As biochar research continues, the challenge will be to cost-effectively improve sustainable biochar in terms of (increasing) carbon content, (reducing) ash content, and (reducing) particle size in order to make it a more worthy replacement for CB that does not sacrifice material properties.

4. Conclusions

P. elongata is a rapidly growing, sustainable source of hardwood that can be grown over a wide geographical footprint of the southern United States. This tree has a wide variety of potential uses including the production of honey [6], biocomposites [19,20,21], pencils [22], medicinal compounds [23], timber [24], and biomass [25]. Biochar made from P. elongata showed promise for athletic turf application [26] and other broader-based horticultural applications [11].

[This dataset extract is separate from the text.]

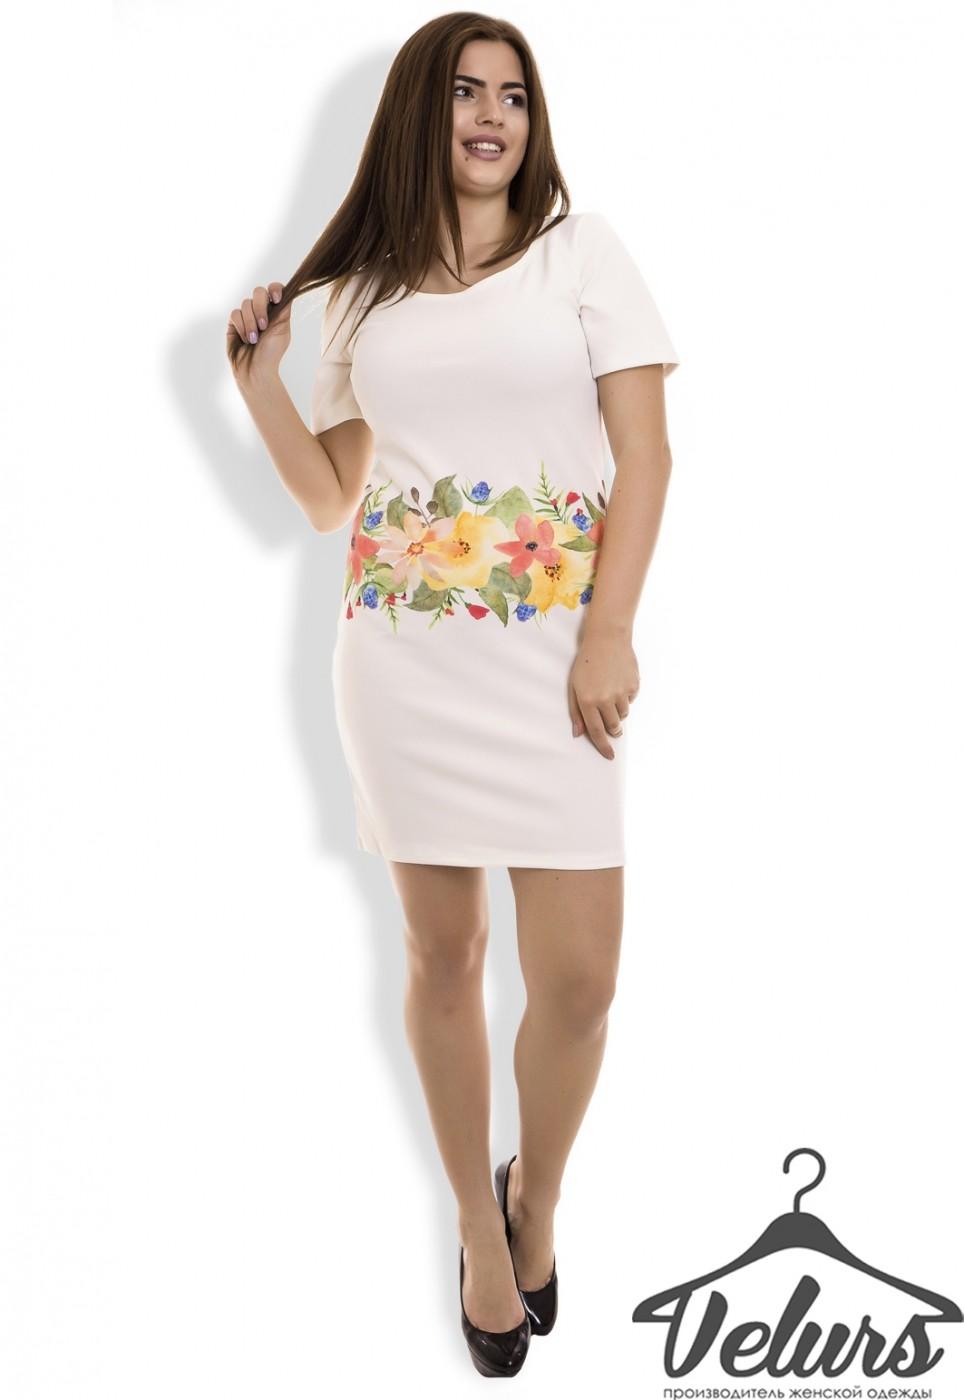 Velurs: Платье 212126 - фото 25
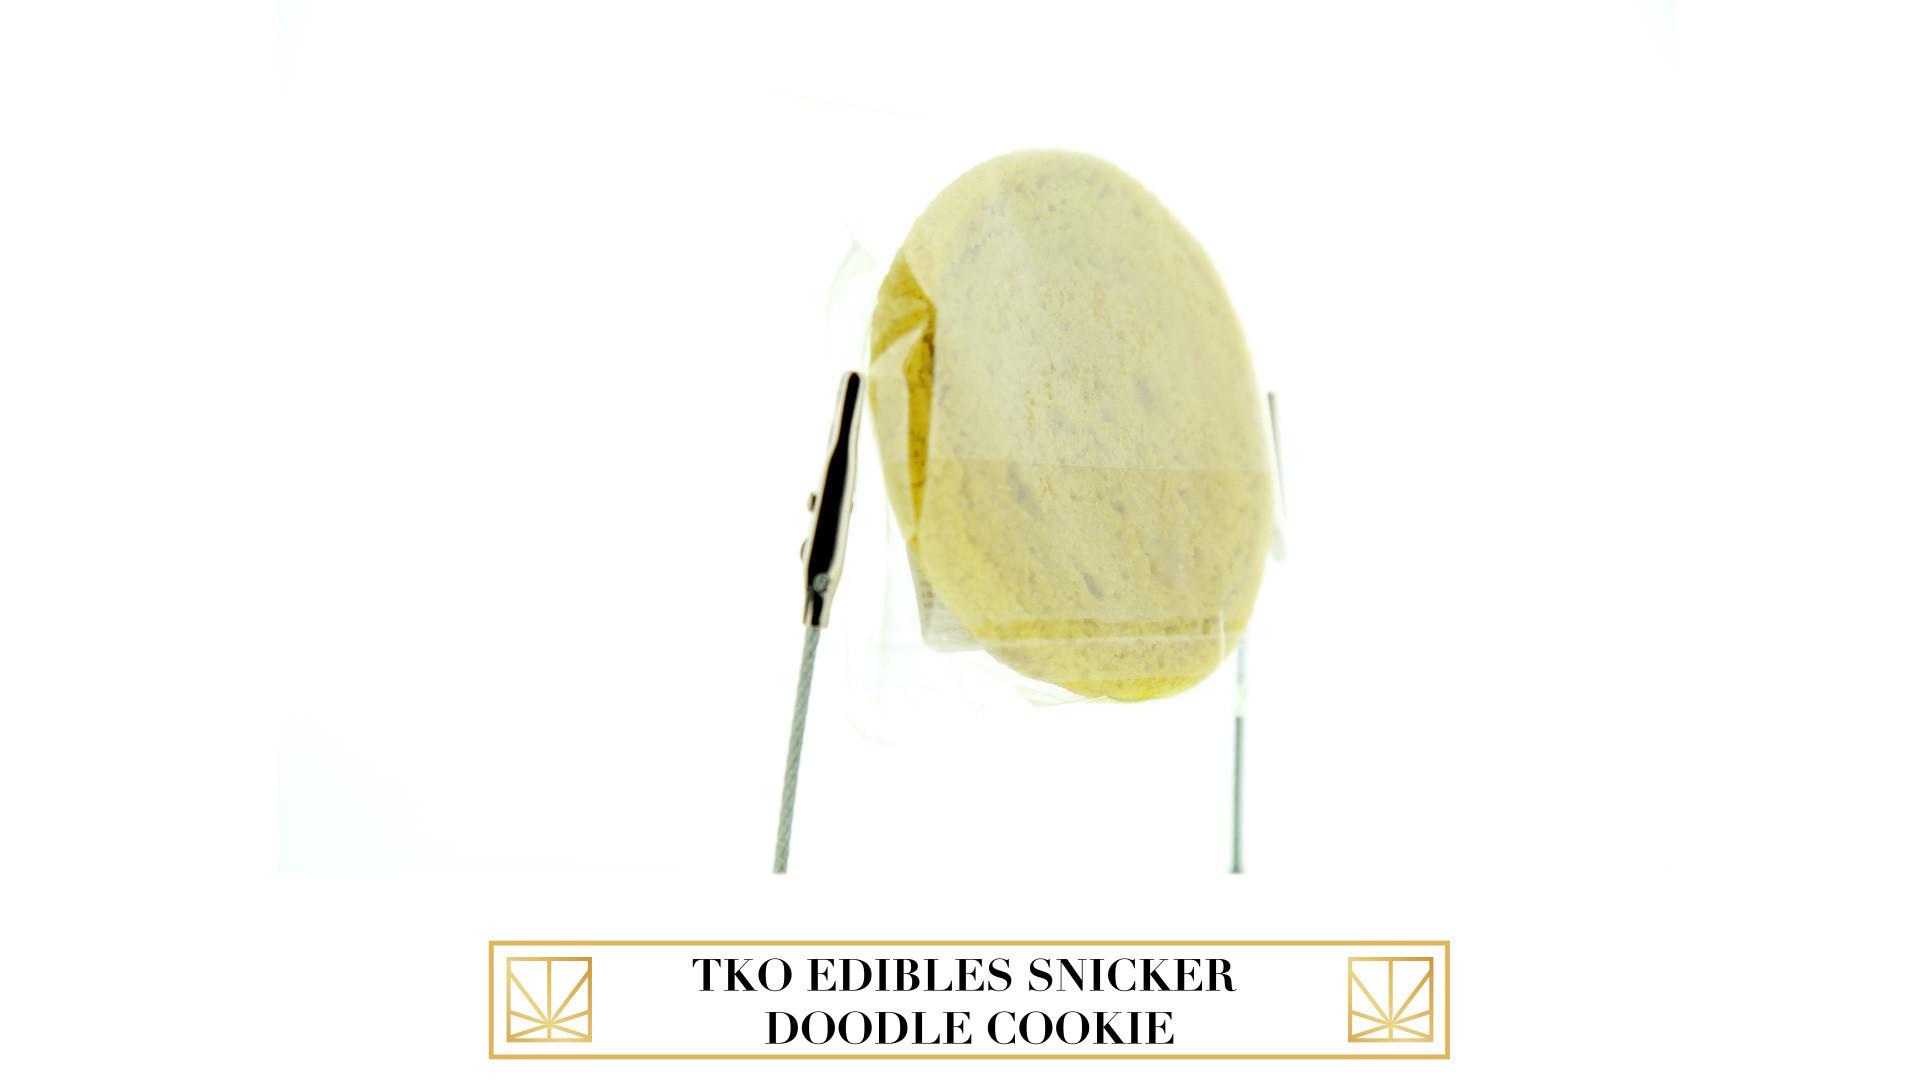 TKO Edibles Snickerdoodle Cookie

In this work, PB that was co-milled with silica to reduce its particle size was used as a direct substitute for carbon black in NR composites. Although there was some improvement in the elongational properties, the tensile strength and toughness properties of 100% PB filled NR composites were significantly lower than the CB control. By blending PB and CB in different ratios, it was found that a 50/50 blend of PB/CB yielded a composite that was only 6% lower in tensile strength while surpassing the 100% CB control in both elongation and toughness properties.